Each feature has been cast to an appropriate data type and missing data are not extant for the dataset. Valid values for the numeric variables are:

| Variable | Date Type  | Valid Values                                     |
| -------- | ---------- | ------------------------------------------------ |
| price    | Continuous | Non negative values                              |
| rating   | Interval   | Real valued in [0,5]                             |
| ratings  | Discrete   | Discrete and non-negative                        |
| released | Continuous | Datetimes between June 10, 2008 and present day. |

Let's check the ranges for these variables.

In [7]:
stats = dataset.describe(include=[np.number, np.datetime64])
stats.numeric[['min','max']]

Unnamed: 0,min,max
price,0.0,999.99
rating,0.0,5.0
ratings,0.0,30835421.0


All numeric and datetime values are within range.

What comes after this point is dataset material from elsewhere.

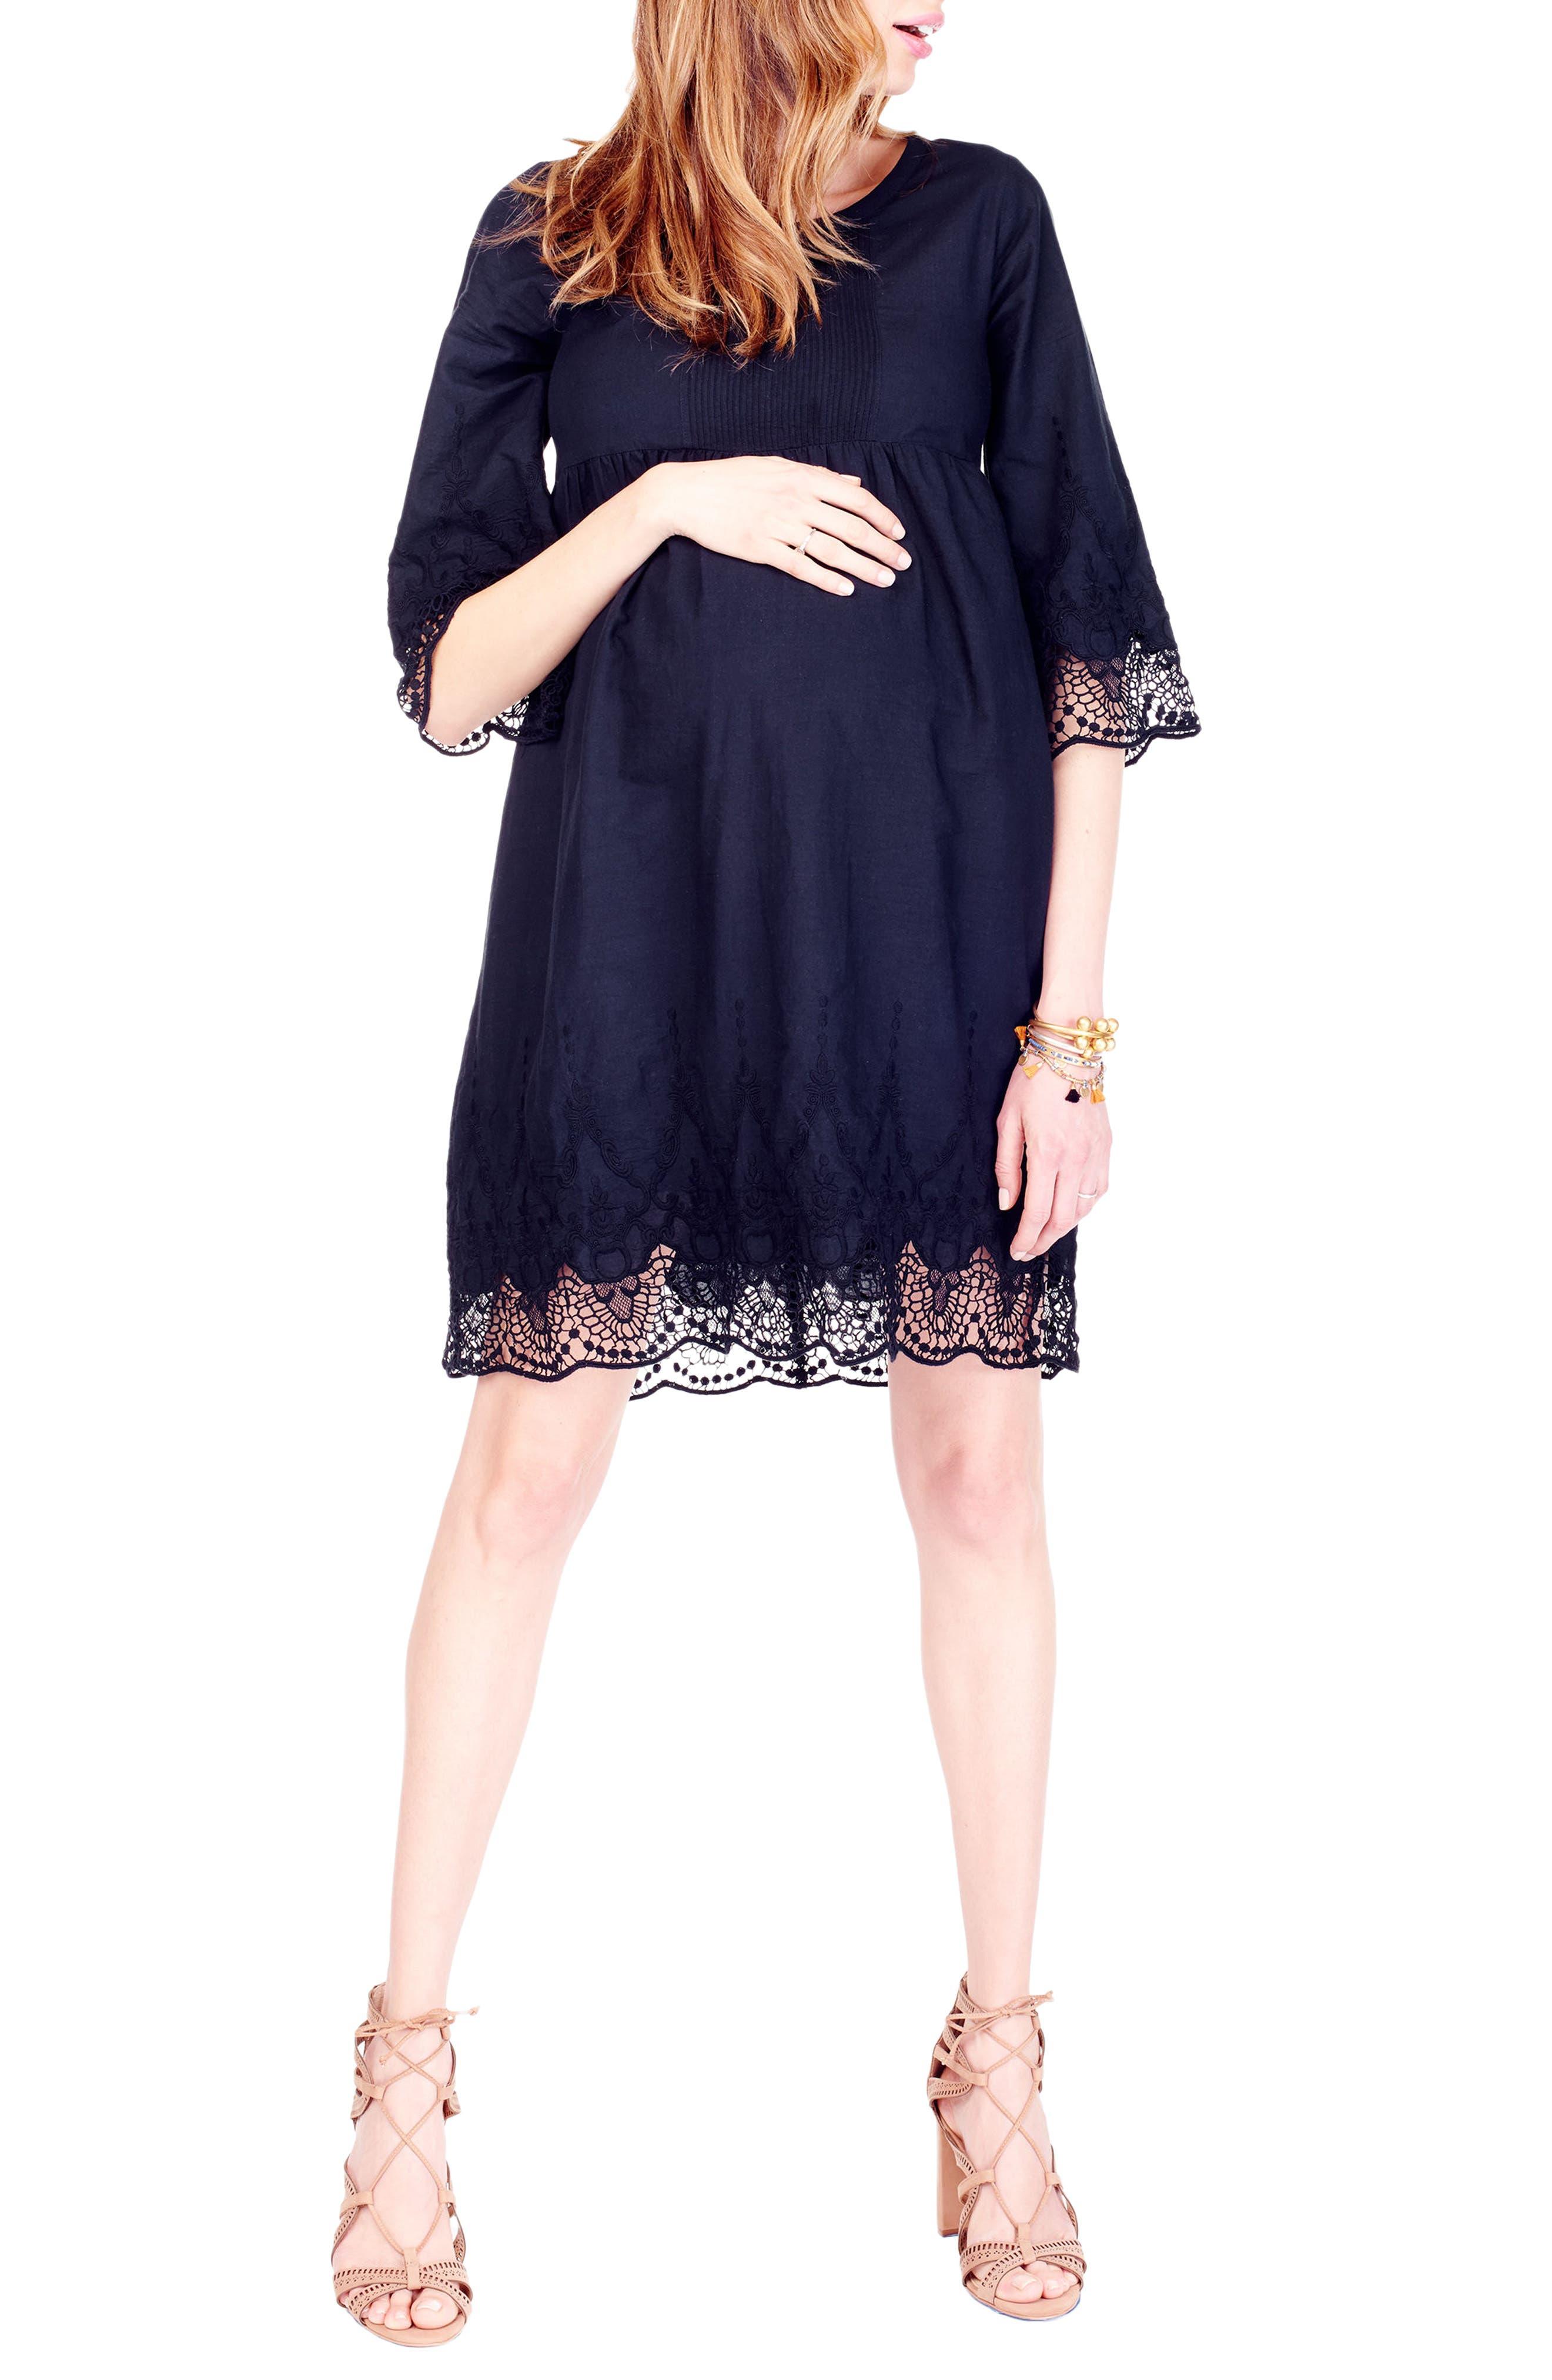 Lace Trim Maternity Dress,                             Main thumbnail 1, color,                             001

#### Categorical Variable Data Quality

The id, name, description, developer_id, and developer variables are nominal, high cardinality strings. Category and category_id; in contrast, must contain one of 26 category id / category values selected for this analysis.

In [8]:
columns = ['category_id', 'category']
dataset.unique(columns=columns).style.hide(axis="index")

Category_id,Category
6013,Health & Fitness
6017,Education
6000,Business
6012,Lifestyle
6004,Sports
6014,Games
6007,Productivity
6002,Utilities
6027,Graphics & Design
6010,Navigation


Category and category_id values are as expected.